◆ **Task description**:
Your task is to repeat the lines below exactly, excluding any pictures they contain.

◆ **Dataset section**:
+++++
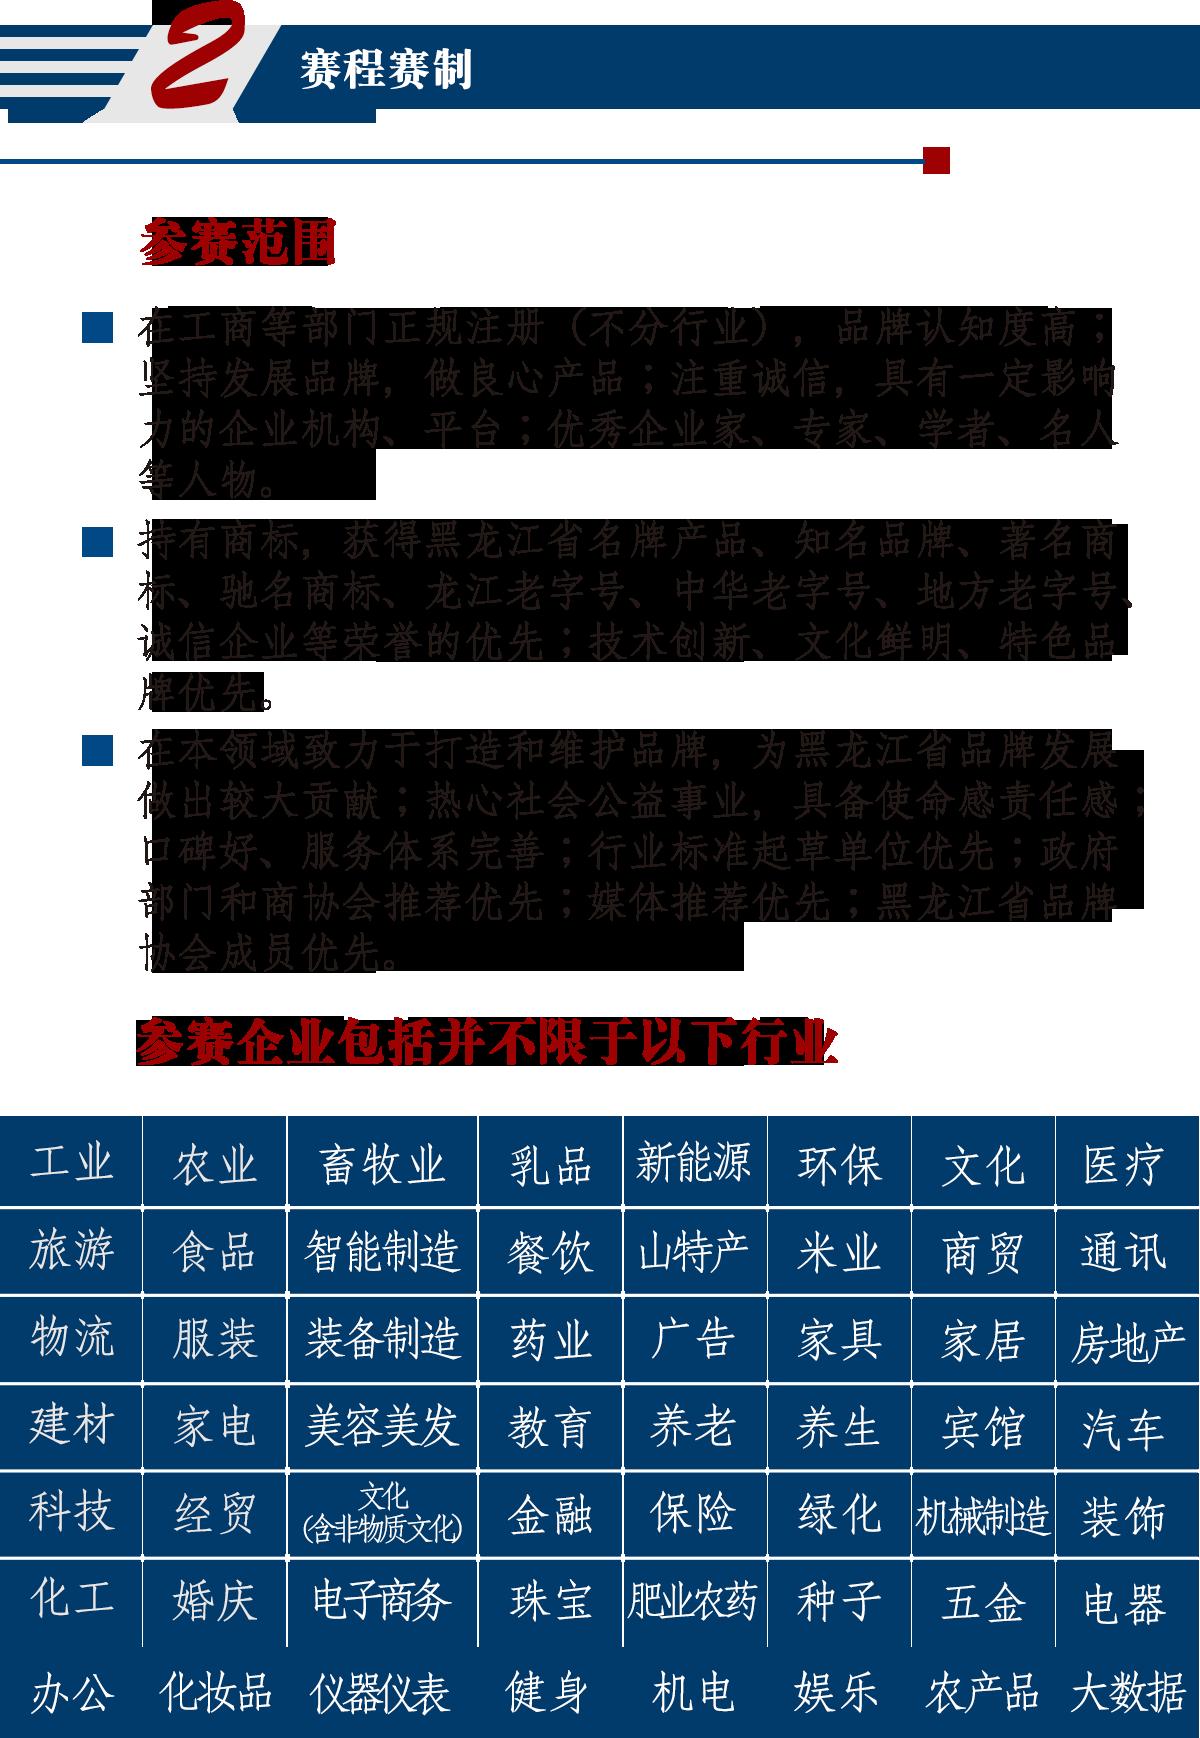 黑龙江省品牌故事大赛
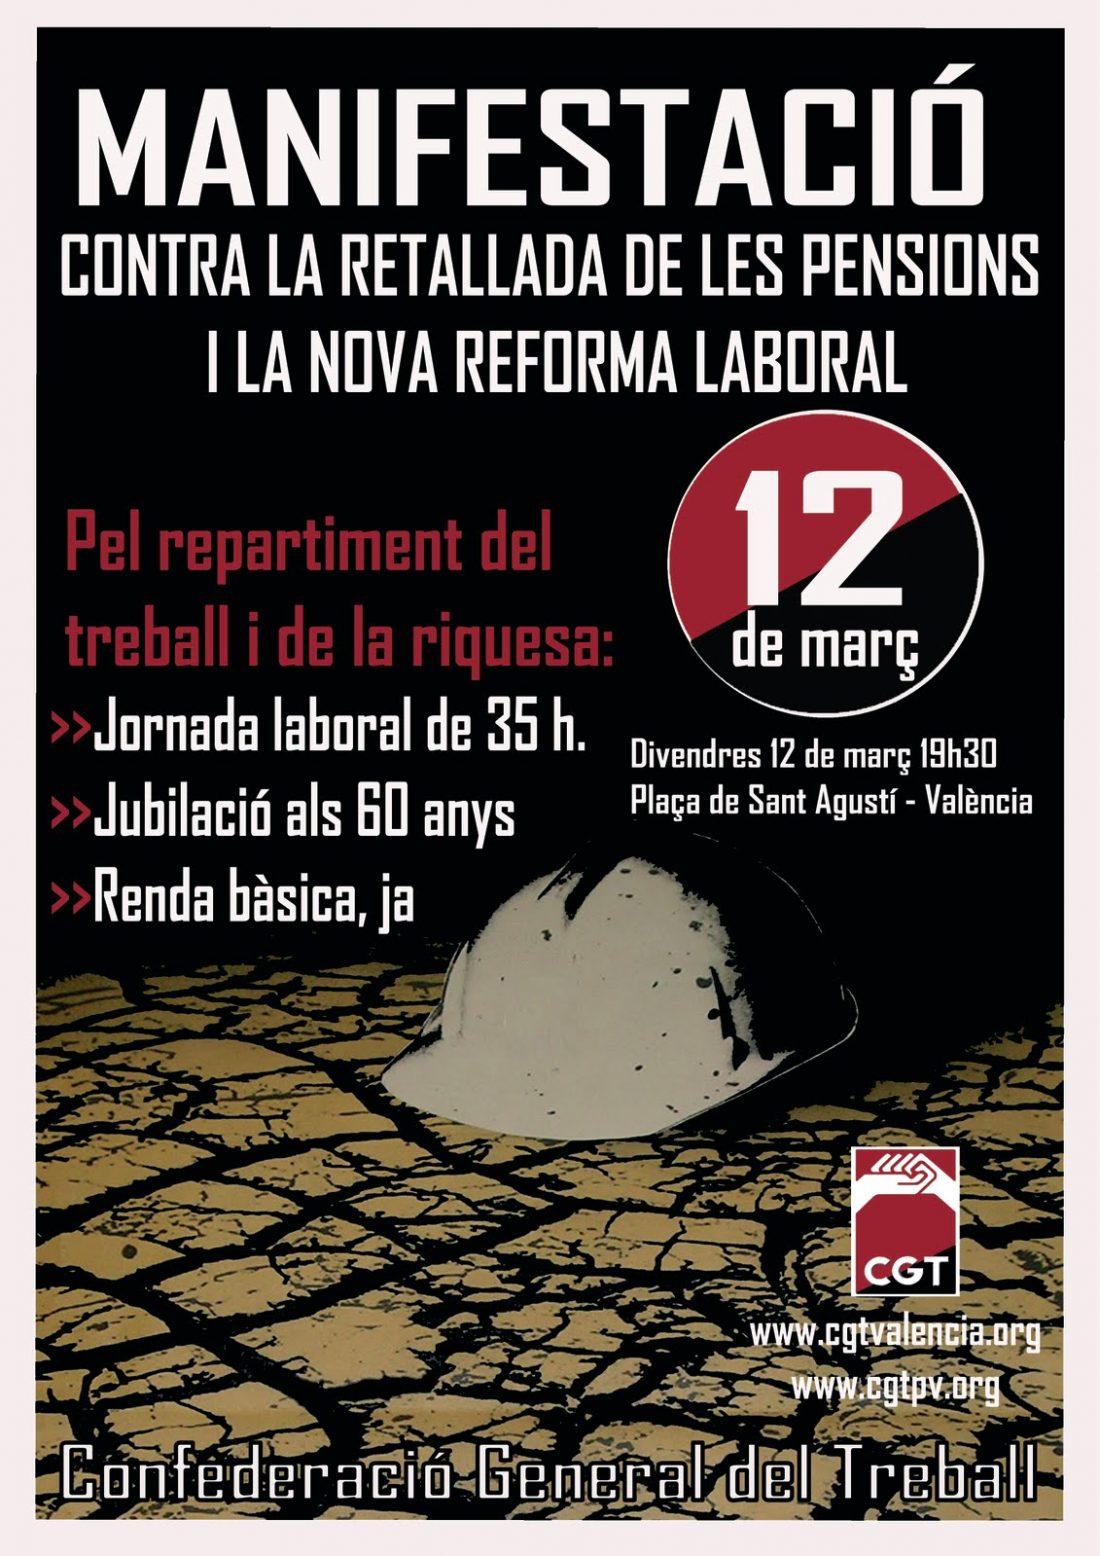 Valencia, 12 de Marzo: Gran manifestación contra la nueva reforma laboral y el recorte de las pensiones
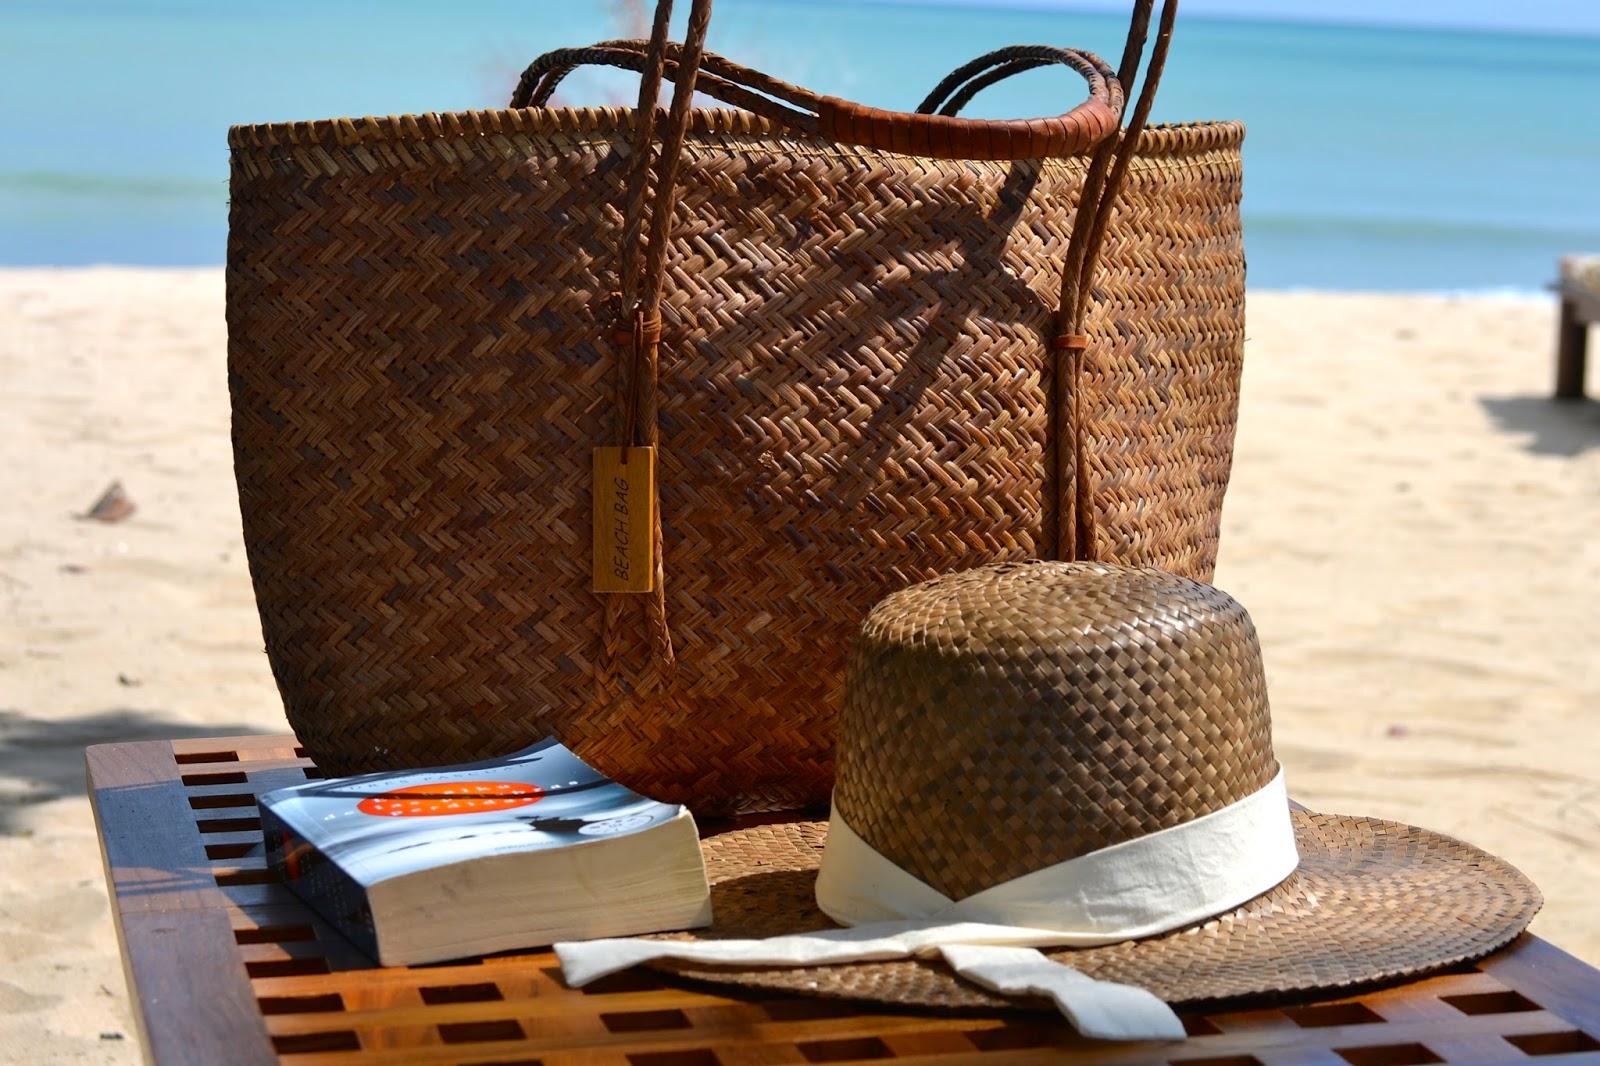 accesorios de playa, sombrero y capazo de paja
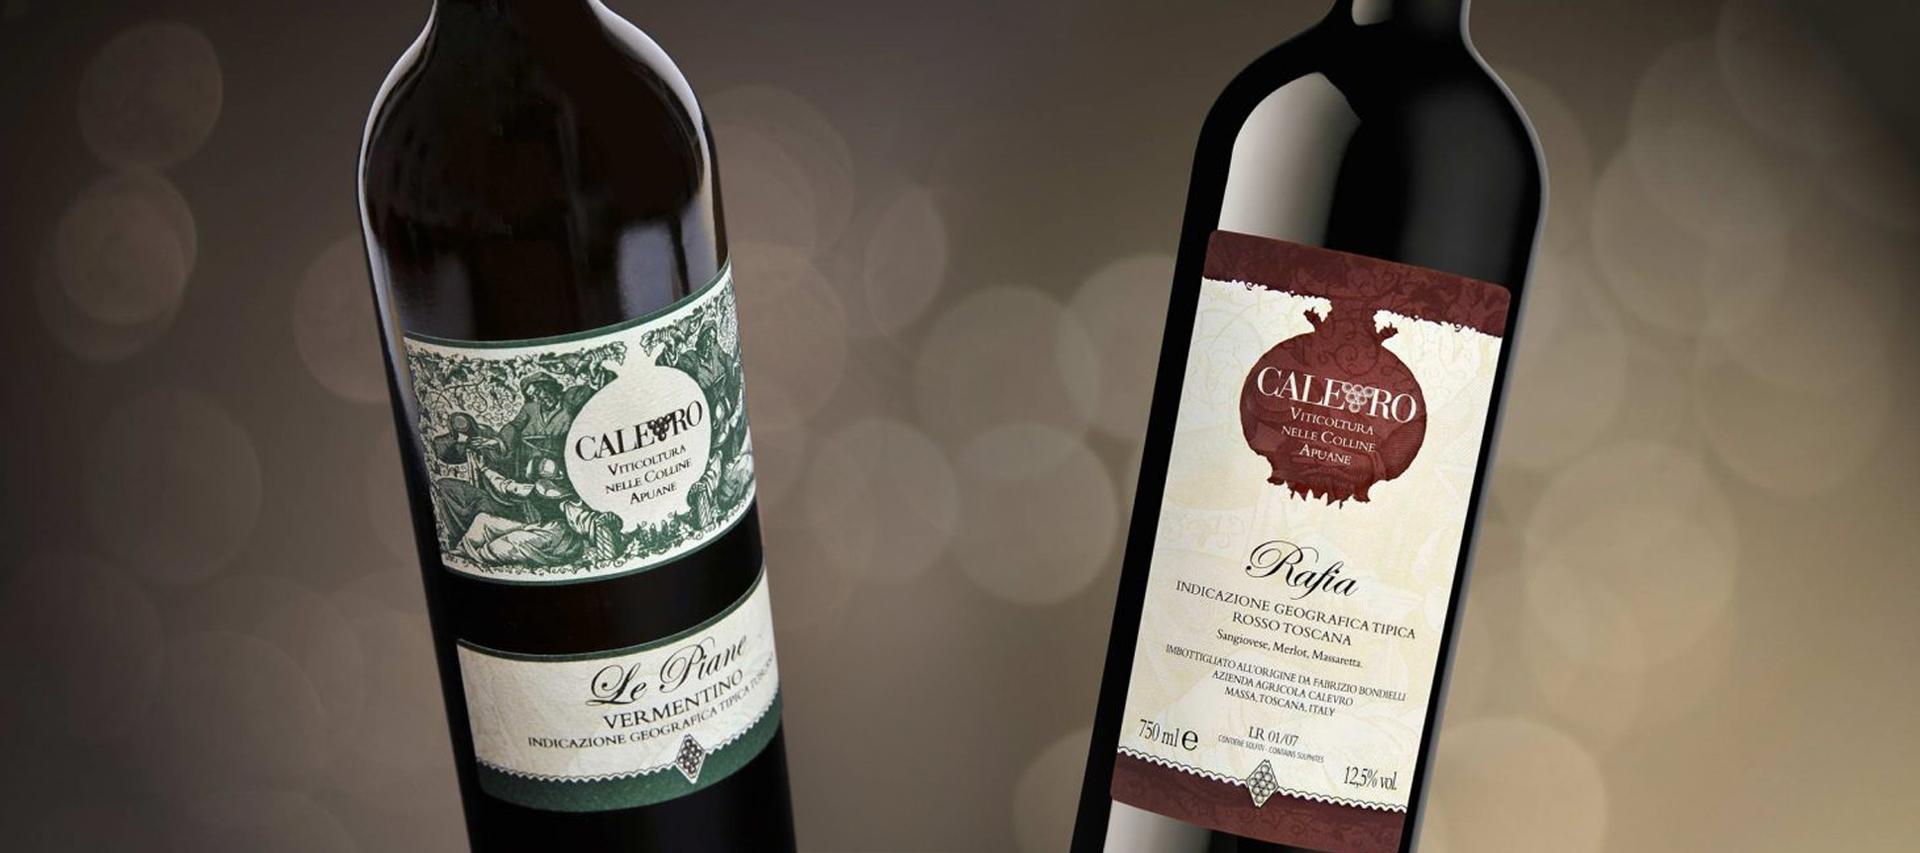 Galleria Etichette Vino Etikettando Produzione Etichette Adesive
+++++
◆ **Answer**:
 黑龙江省品牌故事大赛
 Valencia, 12 de Marzo: Gran manifestación contra la nueva reforma laboral y el recorte de las pensiones
 accesorios de playa, sombrero y capazo de paja
 Galleria Etichette Vino Etikettando Produzione Etichette Adesive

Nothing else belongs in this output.